Many businesses have trouble with this concept because they wrongly assume that all customers are equally valuable. This might be true for some companies, but most have a core group of customers who spend more, talk about their products on social media, and stay with the business longer. However, even the most loyal customers might still leave if they feel like their needs aren’t being met, or that the company is taking them for granted. Because of this, these are the customers you should focus your efforts and money on retaining. Sunil Gupta, a professor of business administration at Harvard Business School, says that in addition to figuring out a customer’s likelihood of churning, businesses should also figure out:
- How much money each customer spends
- How likely a customer is to respond positively to a retention incentive offer
- How much an incentive offer will cost the business in terms of overhead or lost revenue Gupta argues that businesses should only reach out to at-risk customers after considering all of this information. Don’t just aim to reduce customer churn rates – focus on reducing churn and increasing profits. For more information on this, you can read “Managing Churn to Maximize Profits,” a research paper that Gupta co-authored with Aurélie Lemmens from the Tilburg School of Economics and Management.
Find Out Why Customers Cancel, Then Fix It
Remember all the math we did to calculate churn rates? You need to know what your churn rate is, but you also need to know why your customers are leaving. Many businesses struggle with this because it involves asking difficult questions, and admitting that they aren’t actually perfect. However, identifying the most common reasons for customers leaving – and addressing them to improve things – can significantly reduce customer churn rates.

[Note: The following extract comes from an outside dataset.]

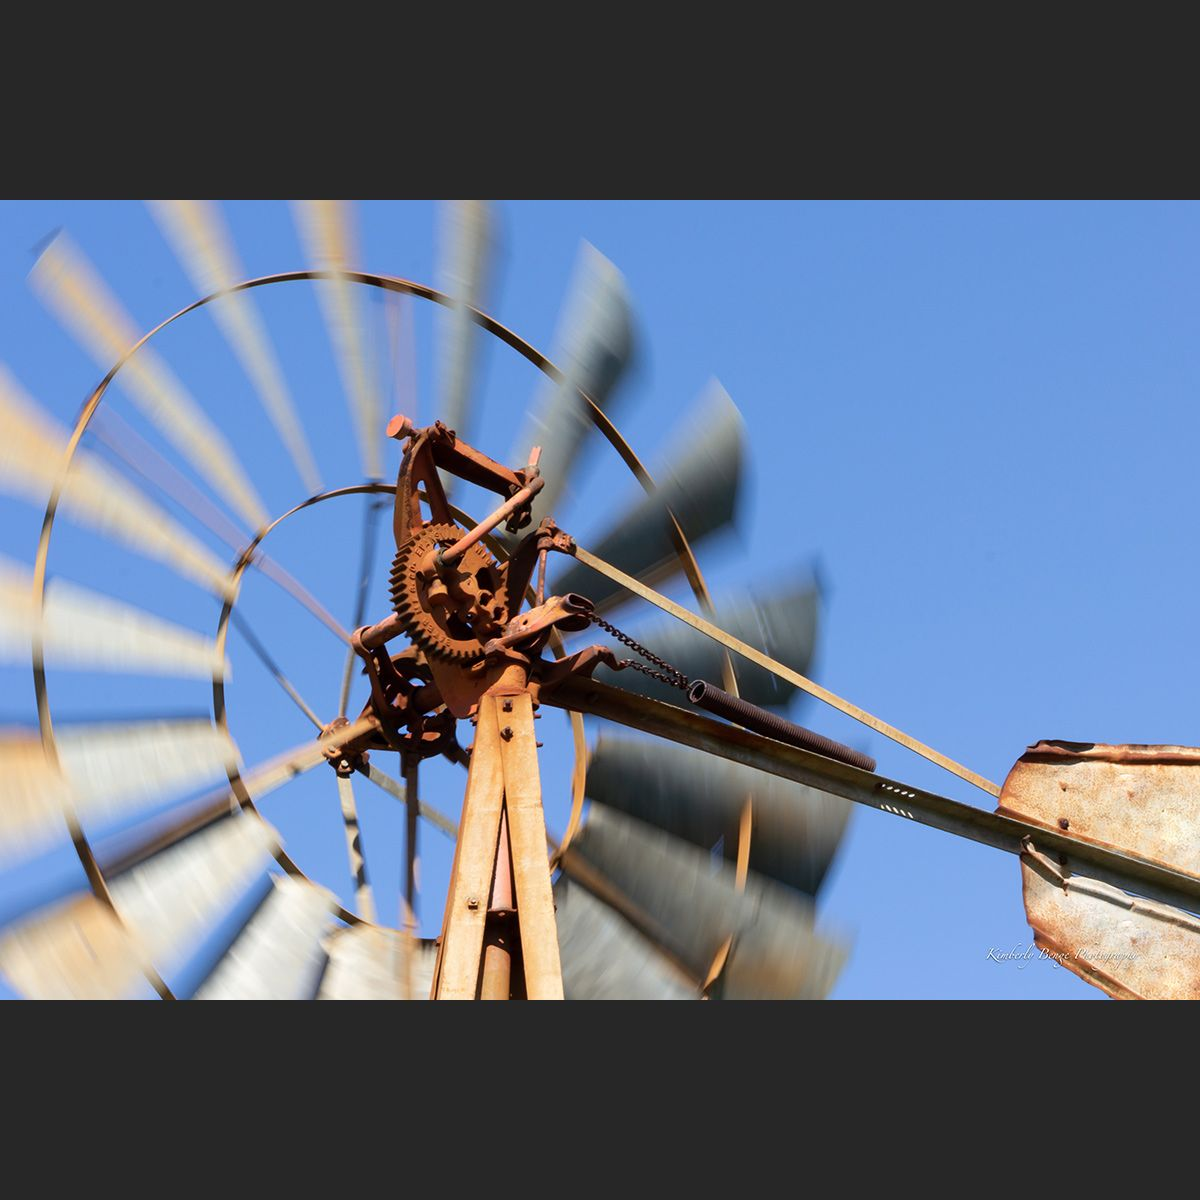 Winds a Turning windmill art

Make sure you provide your customers with plenty of opportunities to tell you why they’re leaving. This could be through a (short) survey, a multiple-choice question, a comment box in a “We’ll miss you!” email – the possibilities are endless. Just make sure you can figure out why you’re losing customers, then work on improving the most common reasons for people leaving. Hopefully you can apply some of these customer churn tips to your own business. Unless you have a churn rate of zero, of course. In that case, you’re doing something right.